Joe: From the turnoff towards Paraburdoo, until the town itself the riding was excellent. Gentle lazy turns on excellent sealed road. All the while showing some pretty nice scenery similar to the innards of Karijini park. We rode a bit quick, just to eat some miles up early and arrived at Paraburdoo a few minutes ahead of the schedule I had memorized.
Finding fuel was a sinch as the shell station was right there in our path. We fill up with more “regular” fuel. The attendant asked “Where ya headed today?” “Exmouth” I replied. “Stuff that, that's too far for me.” She guffawed a bit. I went outside while Flora got me a coffee and her a hot chocolate. Meanwhile some German tourists were quizzing me about the bike. I find the German questions always the funniest. Anyone else's first question about a motorcycle is “How fast does it go?” a German will normally ask “How far does it go on a tank?”

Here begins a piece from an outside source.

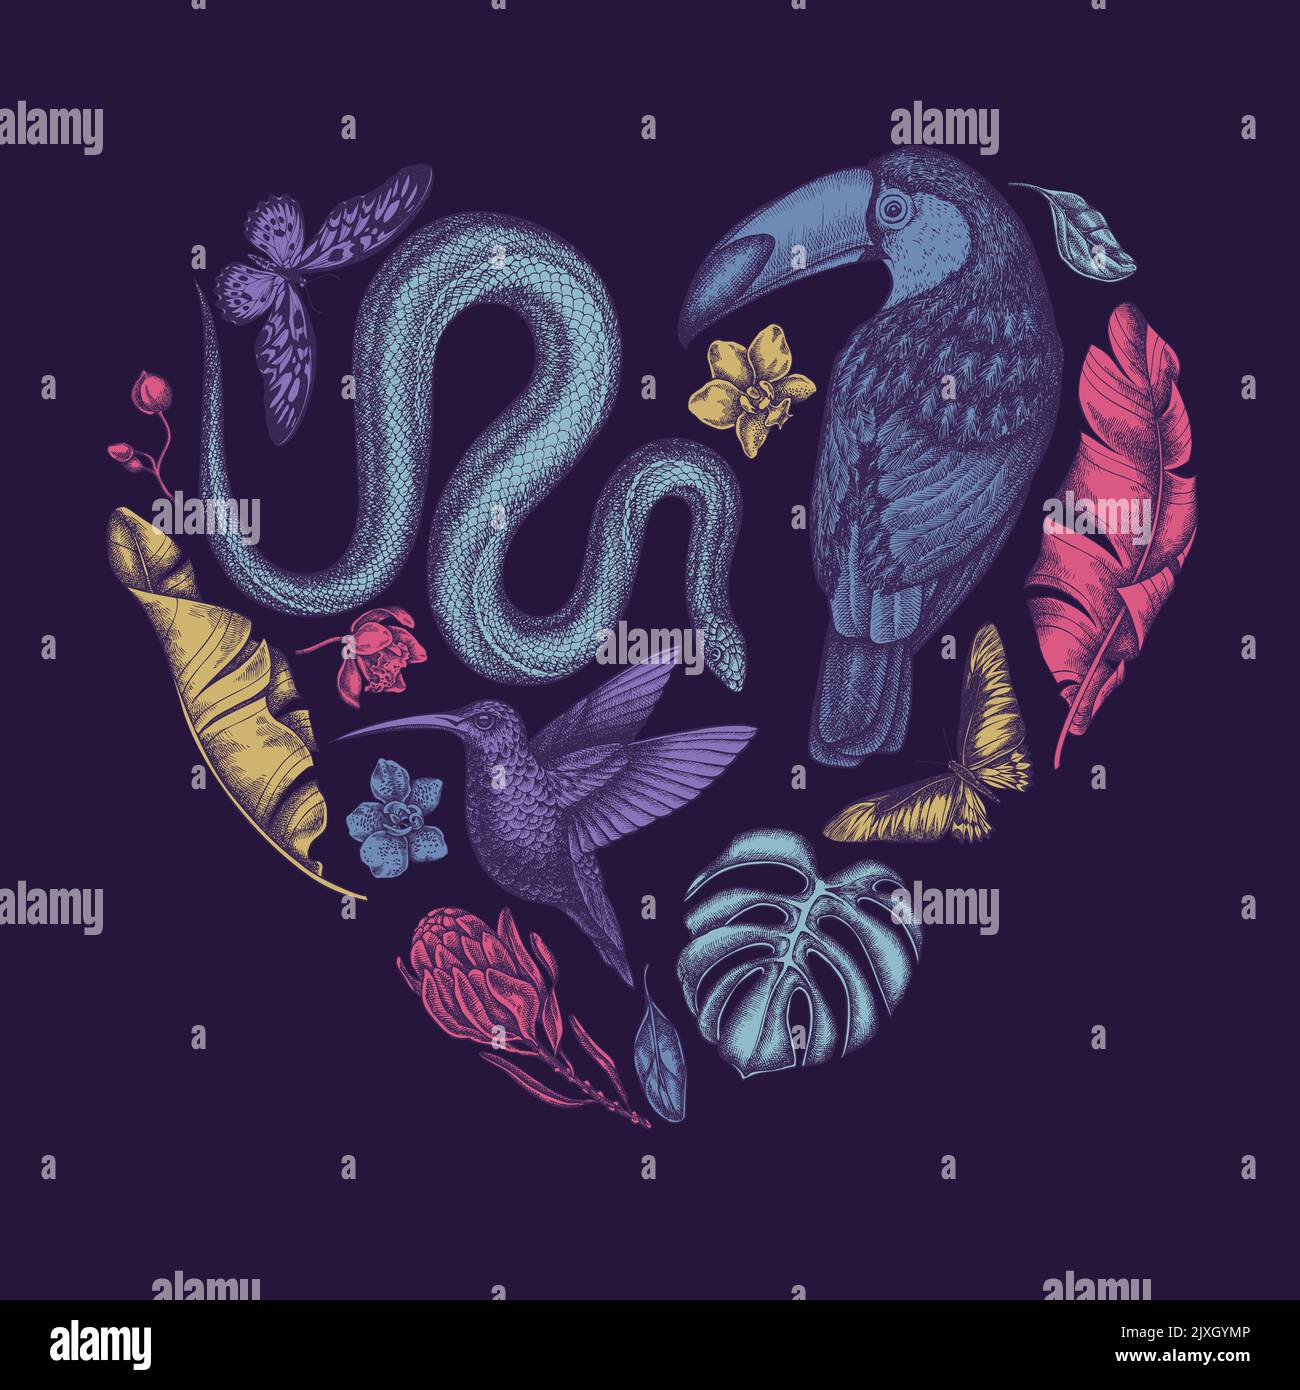 Tropical animals heart vintage design. Hand drawn snake, hummingbird, toucan, african giant swallowtail, monstera, banana palm leaves, protea Stock Vector

With our adoring fans in Paraburdoo appeased for the morning we mount up and head out of town on the B-road that will eventually intersect Hwy 136. Again the surface was perfect, although the road actually had no lines it didn't matter. Traffic was scarce.
Forty minutes later we intersected Hwy 136 which came from Tom Price. We decided to take the longer route via Paraburdoo because it was sealed. It was just a matter of speed on a 700km leg. Also, I enjoy gravel roads very much, but do feel I need a point to take one. Taking a gravel road for the sake of taking one doesn't seem very logical to me.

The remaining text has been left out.